Over the next 11 years, Einstein developed a new theory of gravity called General Relativity.

Gravity in general relativity is different from Newton’s.

Instead, it is based on space-time being:

  • curved, not flat
  • distorted by the mass and energy in it.

A good way to picture curvature is to think of the earth’s surface.

The earth’s surface is only two-dimensional because there are only north/south and east/west.

The geometry of curved spaces such as the earth’s surface is not the Euclidean geometry we are familiar with. For example, on the earth’s surface, the shortest distance between two points—which we know as a line in Euclidean geometry—is the path connecting the two points along what is called a great circle.

A great circle is a circle along the earth’s surface whose center coincides with the center of the earth. The equator is an example of a great circle, and so is any circle obtained by rotating the equator along different diameters.

Imagine, say, that you wanted to travel from New York to Madrid, two cities that are at almost the same latitude.

If the earth were flat, the shortest route would be to head straight east. If you did that, you would arrive in Madrid after traveling 3,707 miles. But due to the earth’s curvature, there is a path that on a flat map looks curved and hence longer, but which is actually shorter.

You can get there in 3,605 miles if you follow the great-circle route, which is to first head northeast, then gradually turn east, and then southeast. The difference in distance between the two routes is due to the earth’s curvature, and a sign of its non-Euclidean geometry. Airlines know this, and arrange for their pilots to follow great-circle routes whenever practical.

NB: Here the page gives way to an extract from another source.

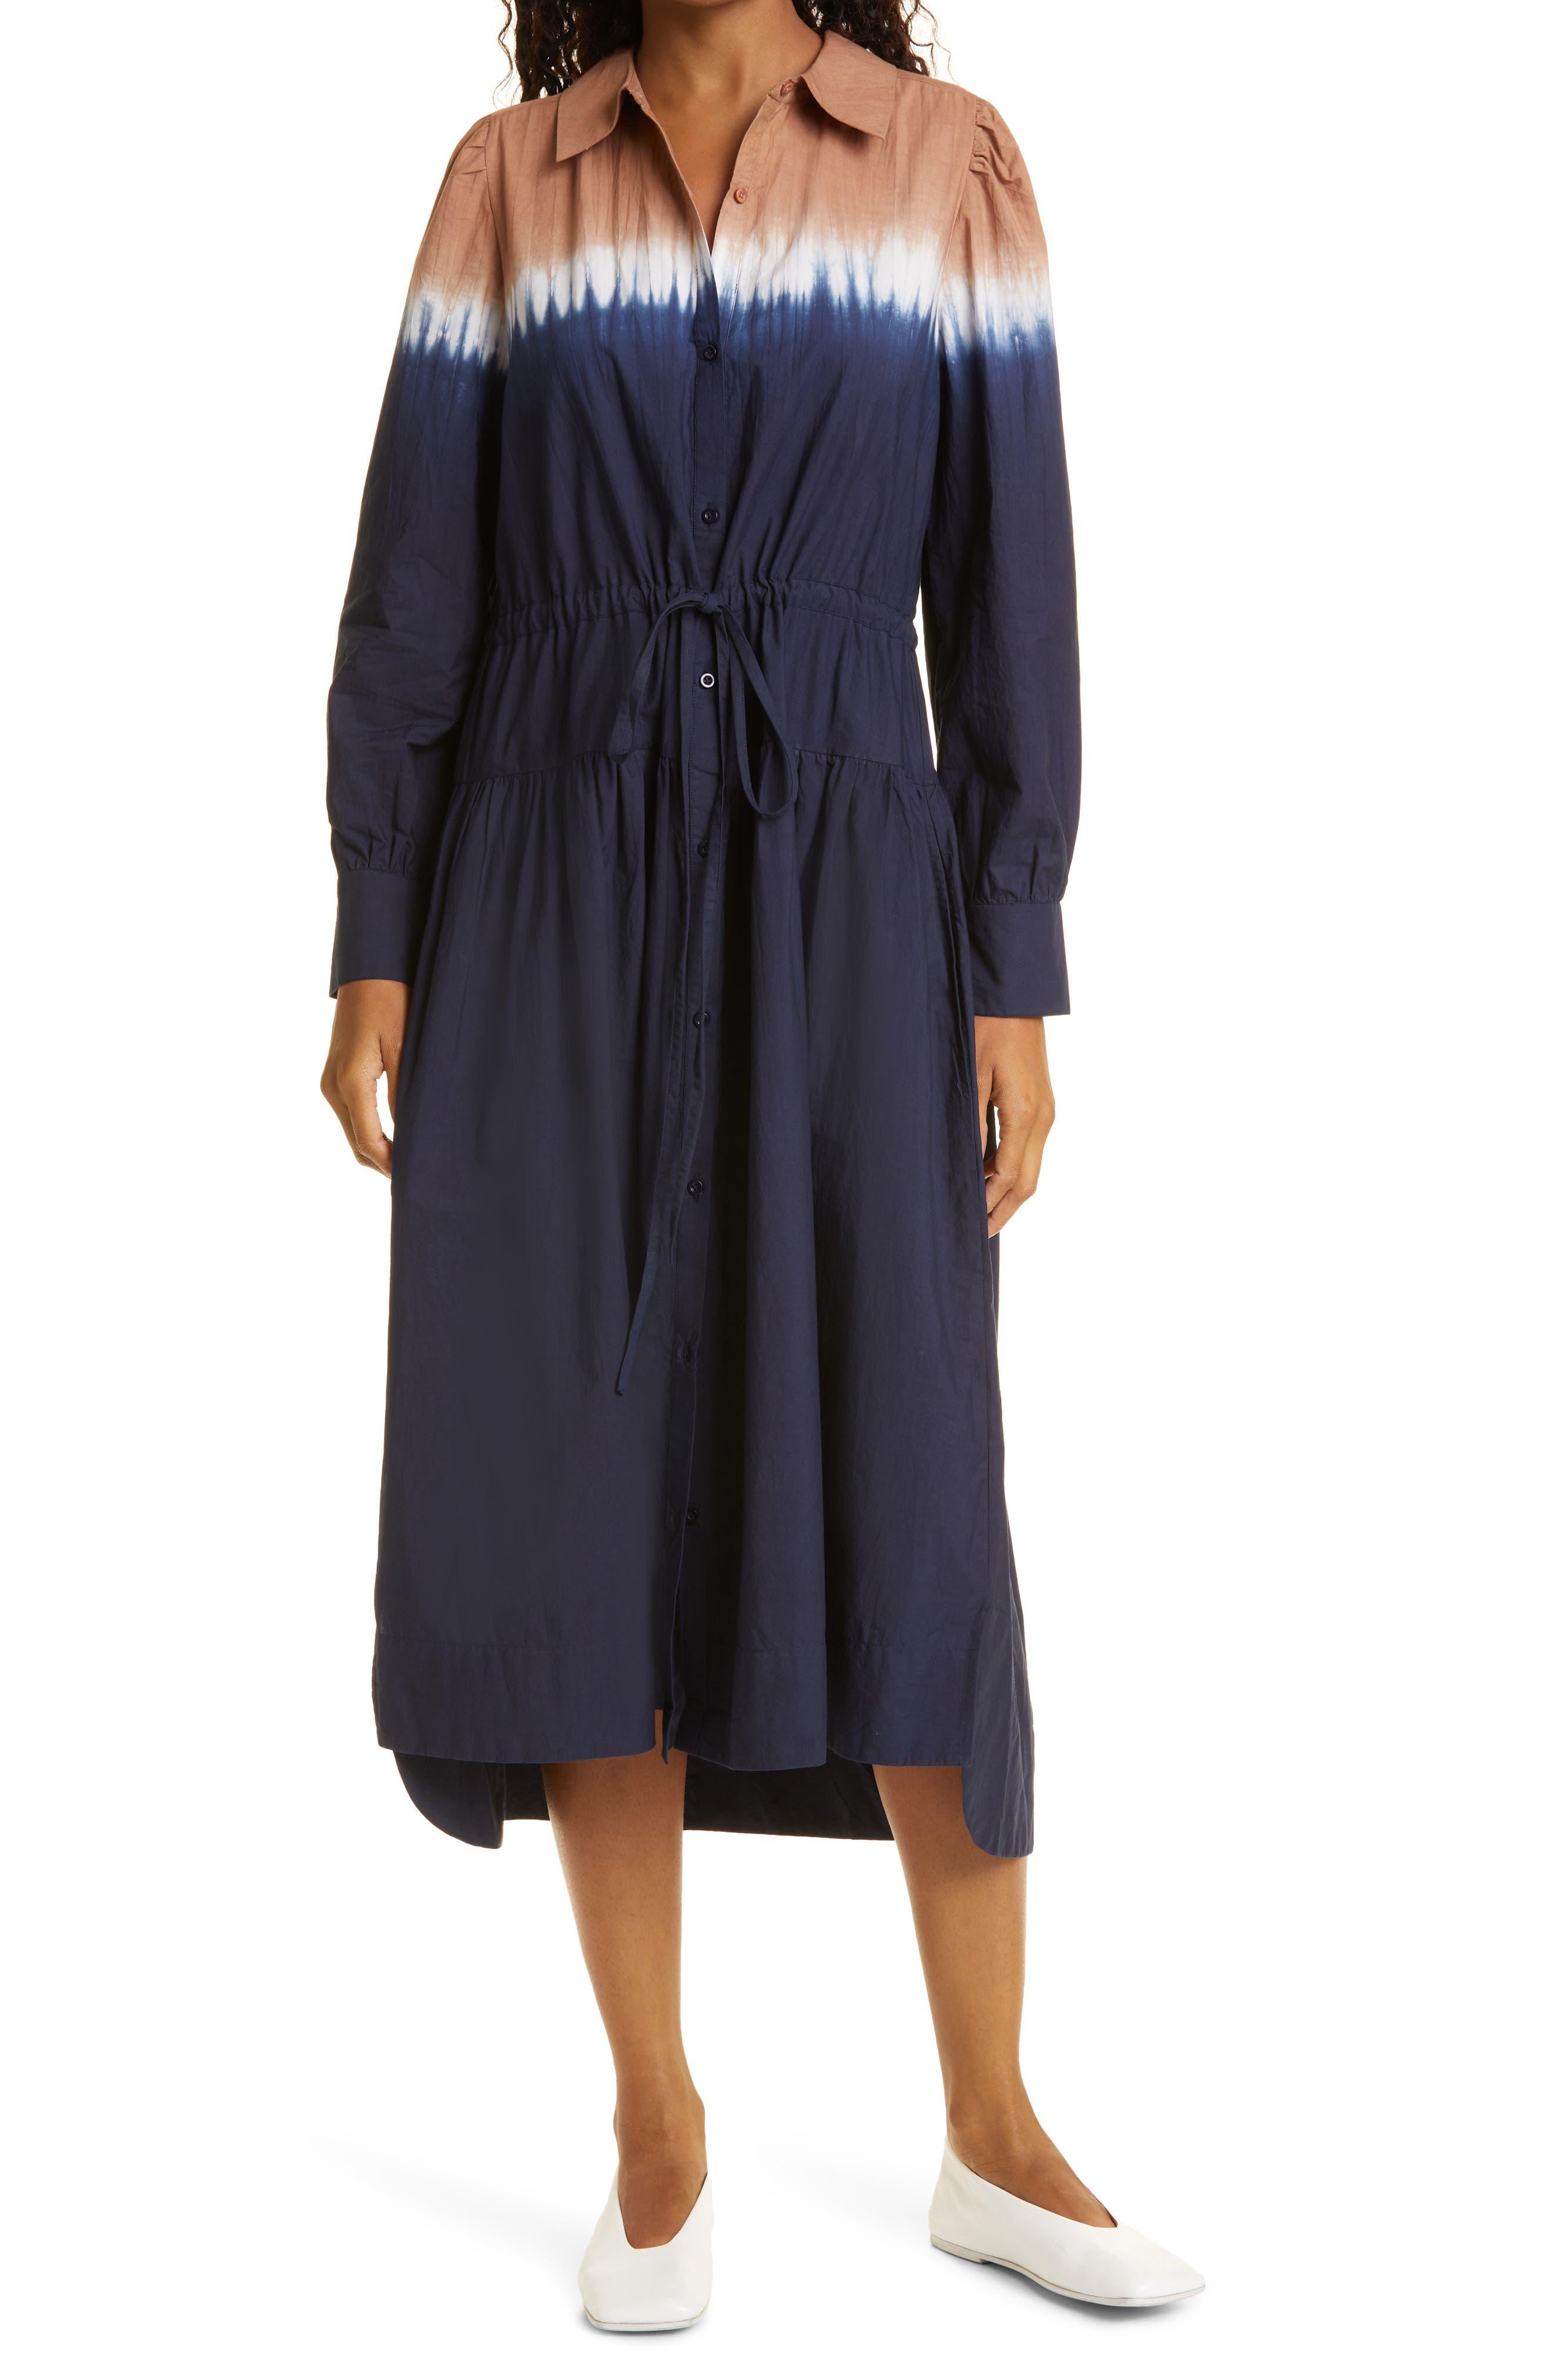 Women's Zabeta Dip Dye Long Sleeve Organic Cotton Shirtdress

According to Newton’s laws of motion, objects such as cannonballs, croissants, and planets move in straight lines unless acted upon by a force, such as gravity.

But in Einstein’s theory, gravity is not a force. Rather, it is a consequence of the fact that mass distorts space-time, creating curvature.

In Einstein’s theory, objects move on geodesics, which are the nearest things to straight lines in a curved space. Lines are geodesics on the flat plane, and great circles are geodesics on the surface of the earth.

In the absence of matter, the geodesics in 4D space-time correspond to lines in three-dimensional space. But when matter is present, distorting space-time, the paths of bodies in the corresponding three-dimensional space curve in a manner that in Newtonian theory was explained by the attraction of gravity.

When space-time is not flat, objects’ paths appear to be bent, giving the impression that a force is acting on them.